Gaussian Process Bandits for Top-k Recommendations

Part of Advances in Neural Information Processing Systems 37 (NeurIPS 2024) Main Conference Track

Bibtex Paper

Authors

Mohit Yadav, Cameron Musco, Daniel R. Sheldon

Abstract

Algorithms that utilize bandit feedback to optimize top-k recommendations are vital for online marketplaces, search engines, and content platforms. However, the combinatorial nature of this problem poses a significant challenge, as the possible number of ordered top-k recommendations from $n$ items grows exponentially with $k$. As a result, previous work often relies on restrictive assumptions about the reward or bandit feedback models, such as assuming that the feedback discloses rewards for each recommended item rather than a single scalar feedback for the entire set of top-k recommendations.
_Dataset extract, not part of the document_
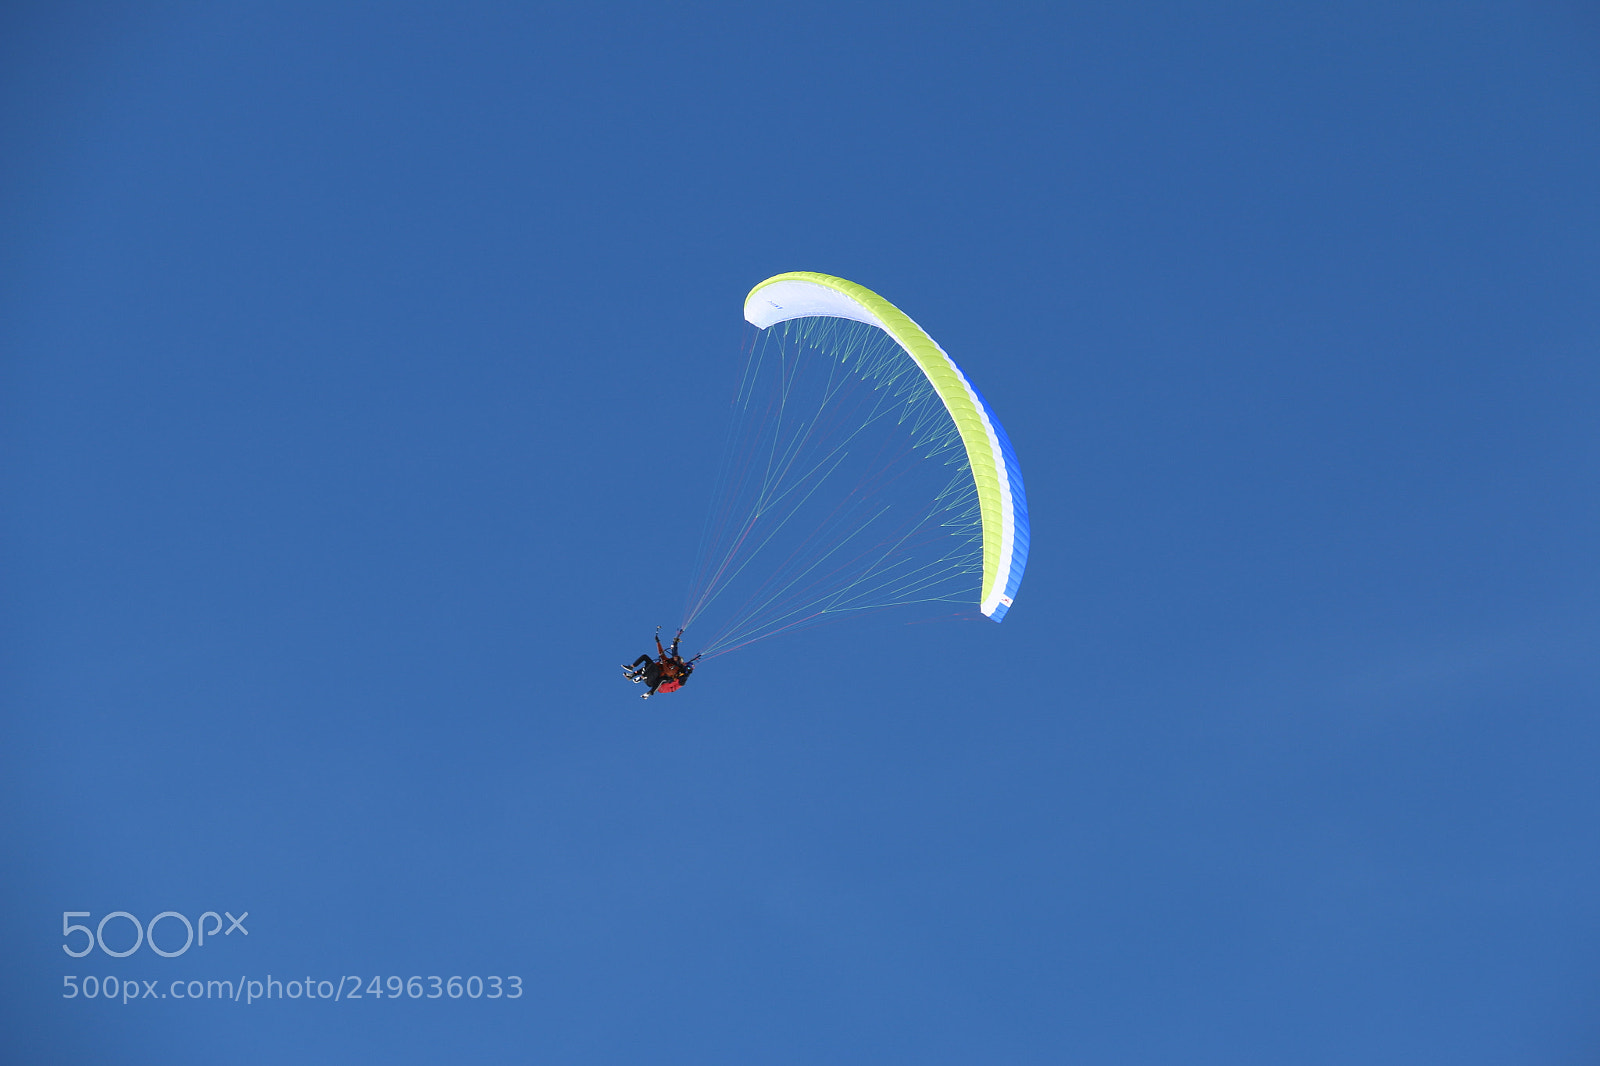 Canon EOS 70D sample photo. Paragliding photography

We introduce a novel contextual bandit algorithm for top-k recommendations, leveraging a Gaussian process with a Kendall kernel to model the reward function.Our algorithm requires only scalar feedback from the top-k recommendations and does not impose restrictive assumptions on the reward structure. Theoretical analysis confirms that the proposed algorithm achieves sub-linear regret in relation to the number of rounds and arms. Additionally, empirical results using a bandit simulator demonstrate that the proposed algorithm outperforms other baselines across various scenarios.